* _Activity_
The whole listing below should be printed again exactly, with no images.

* _Collected data_
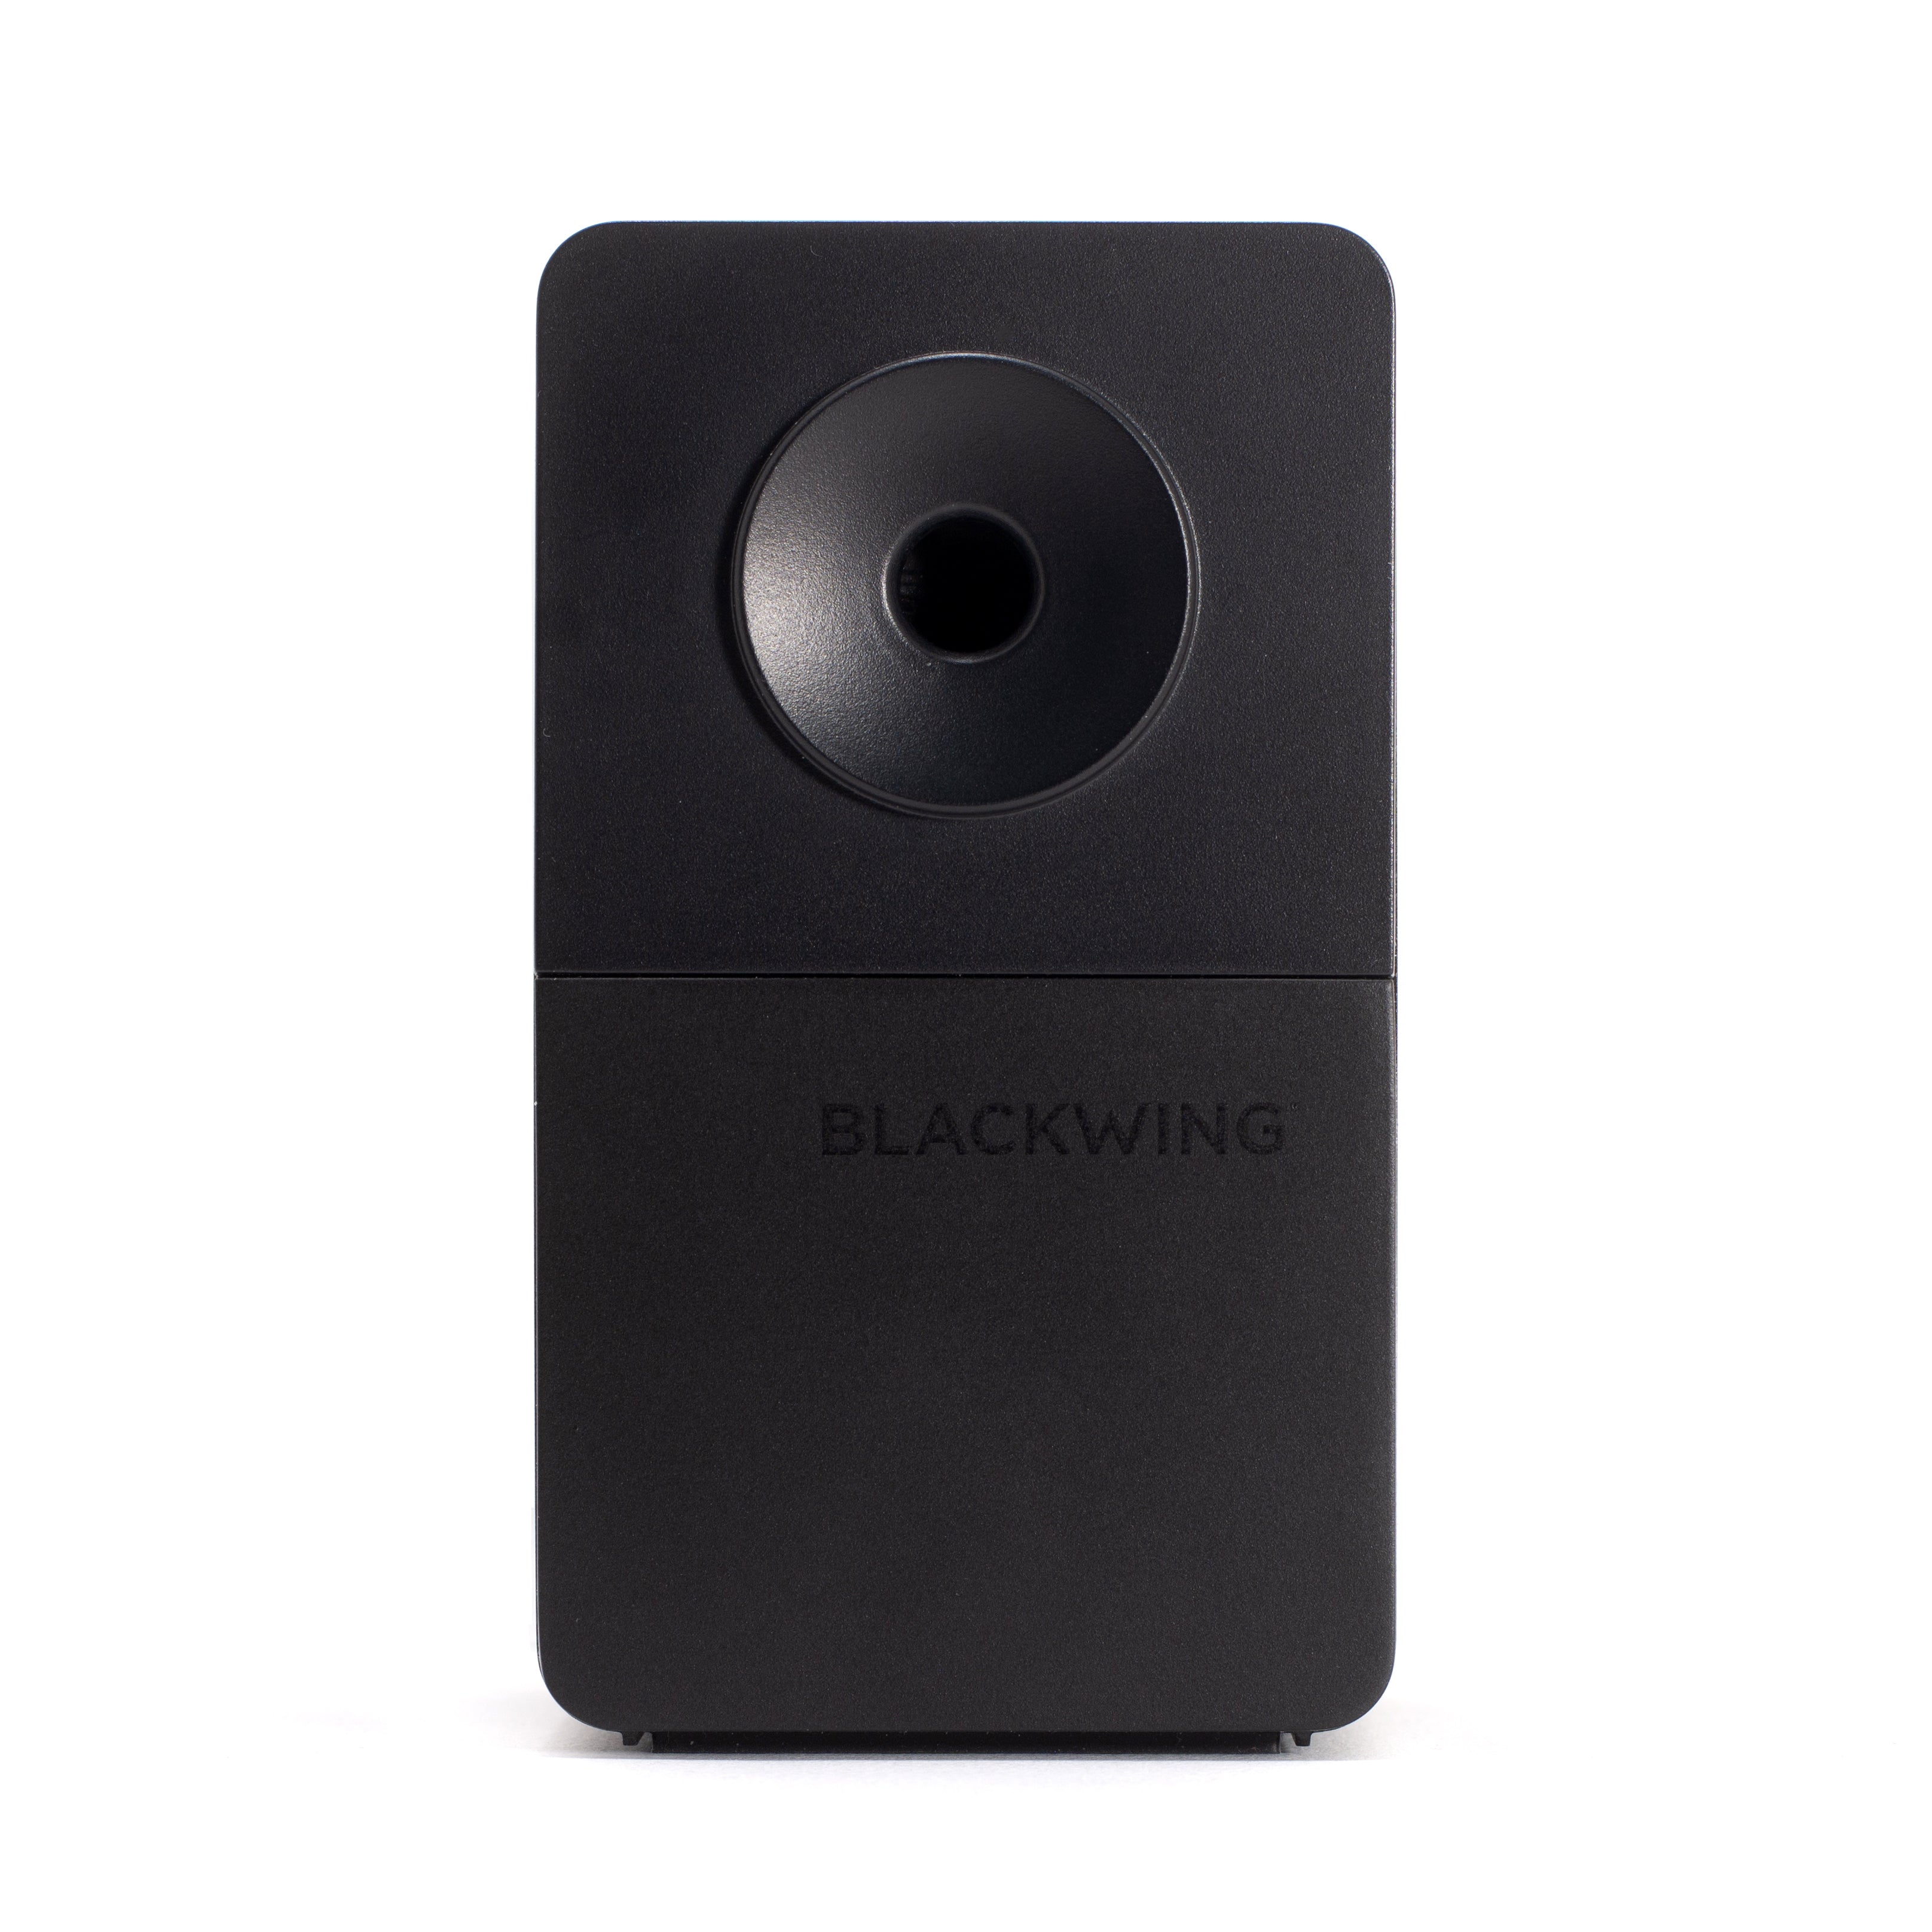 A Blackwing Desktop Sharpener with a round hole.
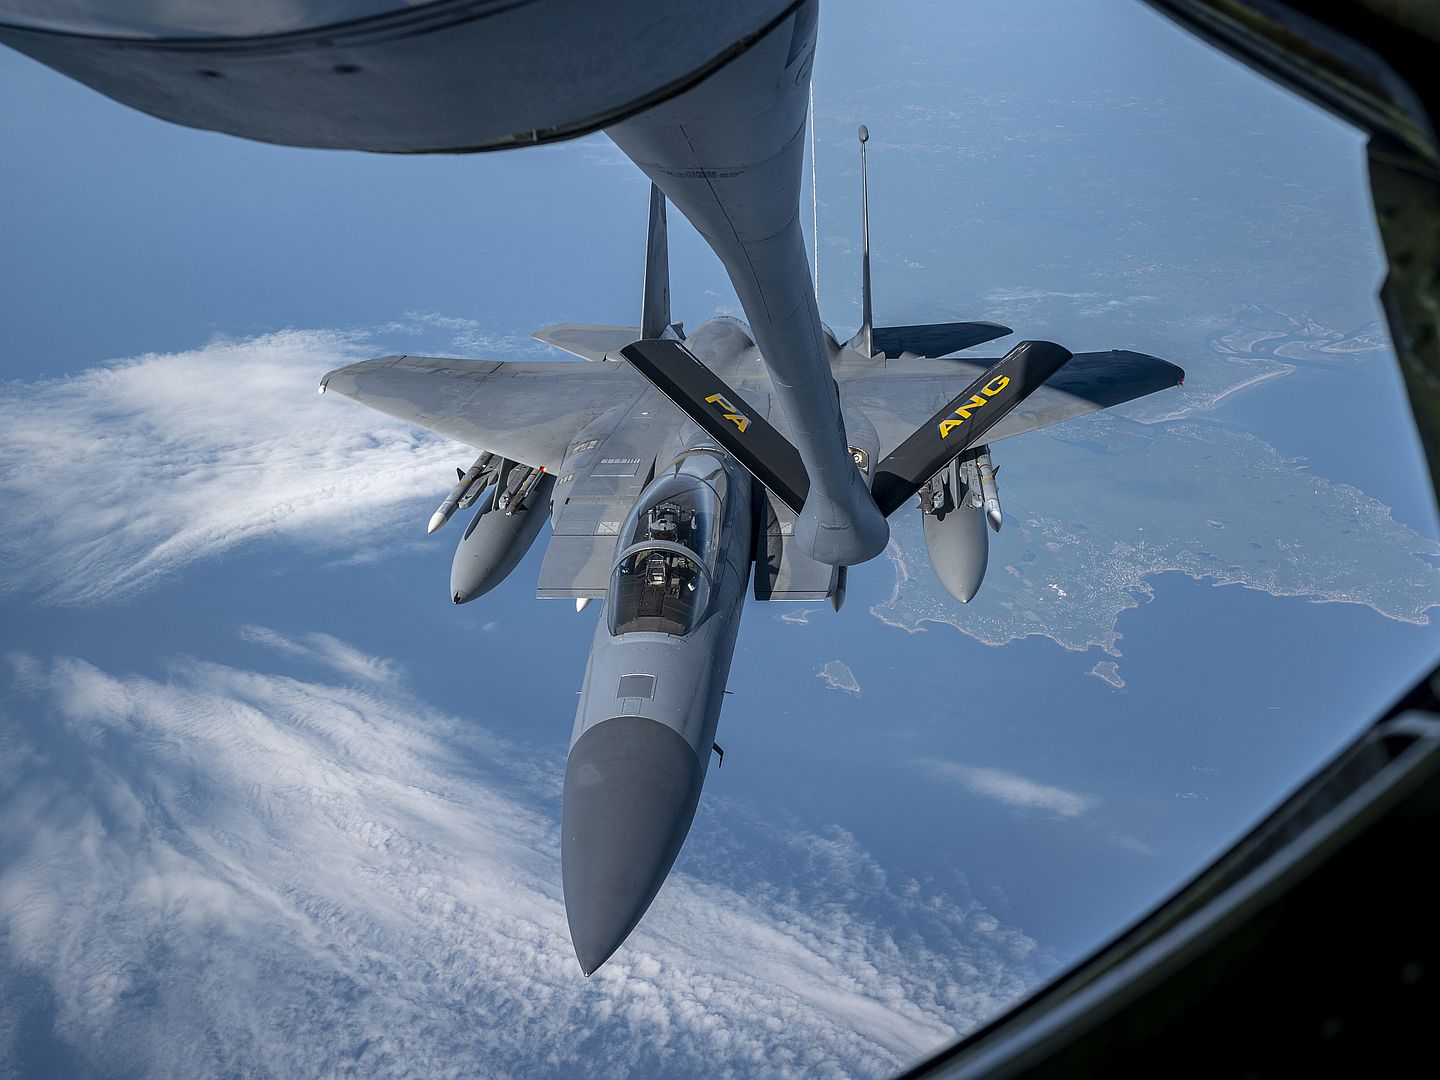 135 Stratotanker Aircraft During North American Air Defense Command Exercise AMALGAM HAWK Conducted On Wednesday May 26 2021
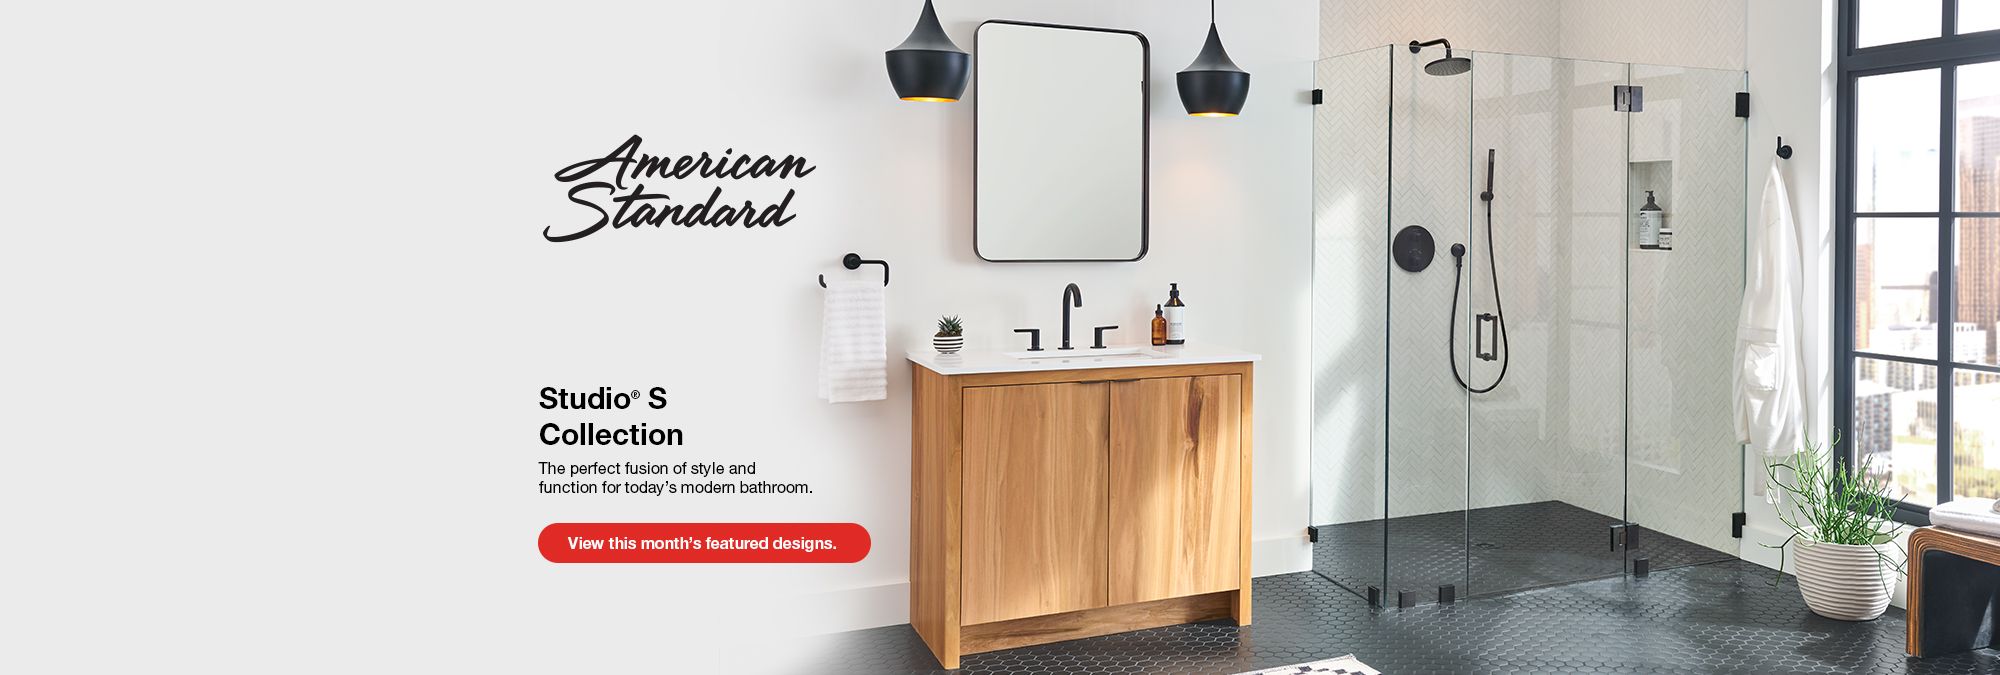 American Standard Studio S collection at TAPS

* _Result below_
 A Blackwing Desktop Sharpener with a round hole.
 135 Stratotanker Aircraft During North American Air Defense Command Exercise AMALGAM HAWK Conducted On Wednesday May 26 2021
 American Standard Studio S collection at TAPS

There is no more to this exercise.